Präsident Erdo˘gan drängt die EU zu mehr Hilfe
Als Folge der Kämpfe um die letzte Rebellenhochburg Idlib befürchtet die Türkei eine neue Massenflucht aus Syrien.
ISTANBUL. Rund vier Millionen Migranten beherbergt die Türkei bereits, darunter 3,6 Millionen Kriegsflüchtlinge aus Syrien. Und nun droht von dort eine neue Flüchtlingswelle: Wenn die syrischen Regierungstruppen auf Idlib vorrücken, die letzte Hochburg der Rebellen im Norden des Landes, könnten viele Menschen versuchen, Zuflucht in der Türkei zu finden.
Präsident Recep Tayyip Erdoğan rechnet nach eigenen Worten mit rund zwei Millionen Flüchtlingen. „Das können wir nicht allein schultern“, sagt Erdoğan. „Entweder Sie teilen diese Last, oder wir müssen die Tore öffnen“, warnt er die Europäer.
40 Milliarden Dollar hat die Türkei nach Erdoğans Angaben bereits für die Unterbringung der Flüchtlinge ausgegeben.
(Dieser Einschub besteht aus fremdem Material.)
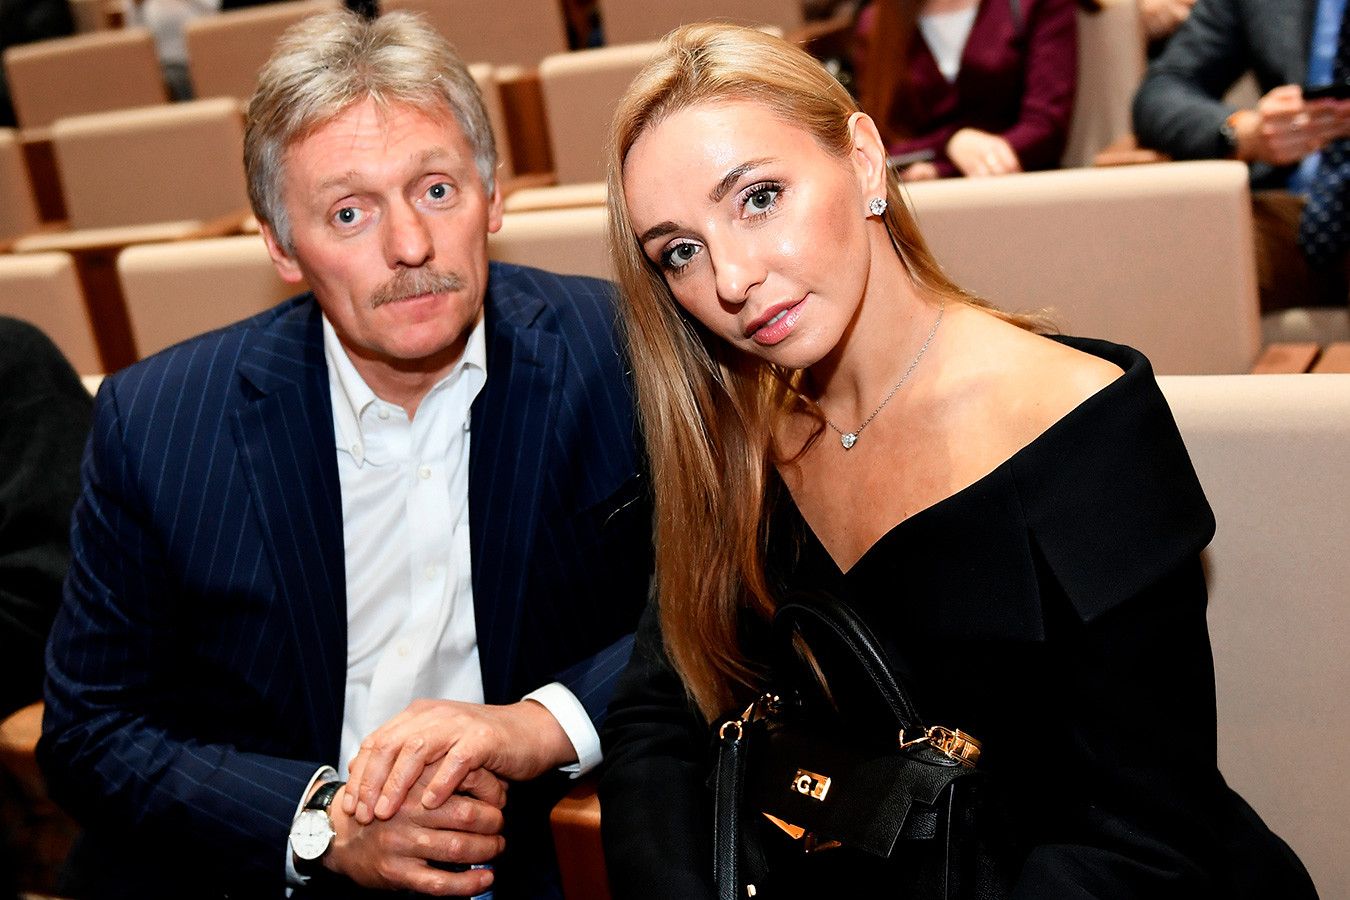 Дружина Пєскова розлютила росіян - інстаграм Навки заповнили негативні коментарі - 24 Канал

Eine neue Massenflucht würde das Land nicht nur vor enorme finanzielle und logistische Herausforderungen stellen. Auch politisch wäre eine solche Entwicklung für Erdoğan äußerst riskant. Zu Beginn des syrischen Bürgerkriegs vor achteinhalb Jahren wurden die Flüchtlinge zwar in der Türkei mit offenen Armen empfangen. Erdoğan versprach ihnen damals sogar die Einbürgerung. Aber inzwischen hat sich die Stimmung dramatisch gedreht. Die meisten Türken sehen in den syrischen Flüchtlingen lästige Konkurrenten im Wettbewerb um Arbeitsplätze, Wohnraum und Sozialleistungen. Auch die Furcht vor Überfremdung geht um.
In der Grenzprovinz Kilkis stellen die Migranten bereits 80 Prozent der Bevölkerung. In Istanbul sind 548.000 syrische Migranten registriert, aber geschätzt weitere 300.000 halten sich illegal in der Stadt auf. In den vergangenen Monaten kam es mehrfach zu Ausschreitungen gegen syrische Geschäfte. Jetzt sollen die nicht registrierten Migranten die BosporusMetropole verlassen. Wer nicht freiwillig geht, wird deportiert.
Die Flüchtlingskrise war ein Grund für die Niederlage der Erdoğan-Partei AKP bei den Kommunalwahlen in Istanbul in diesem Frühjahr. Das zeigt, welche politische Brisanz das Thema für den Staatschef bekommt. Mit seiner Drohung, die Grenzen zu öffnen, will Erdoğan wohl vor allem zweierlei erreichen. Erstens mehr Finanzhilfen der Europäischen Union. Die EU hat der Türkei im Flüchtlingspakt bisher sechs Milliarden Euro zugesagt und davon 5,6 Milliarden überwiesen. Zweitens wünscht sich Erdoğan politischen Druck der EU auf die USA, damit diese der geforderten Einrichtung einer Pufferzone auf der syrischen Seite der Grenze zustimmen. Erdoğan verfolgt damit eine Doppelstrategie: Er will die kurdischen Milizen der YPG, des syrischen Ablegers der militanten Terrororganisation PKK, aus der Grenzregion vertreiben und dort Millionen syrische Flüchtlinge repatriieren. Erdoğan argumentiert, dass damit auch der Migrationsdruck an den Grenzen der EU gemindert würde.
Unterdessen wächst der Zustrom von Migranten und Flüchtlingen auf griechische Inseln in der Ägäis.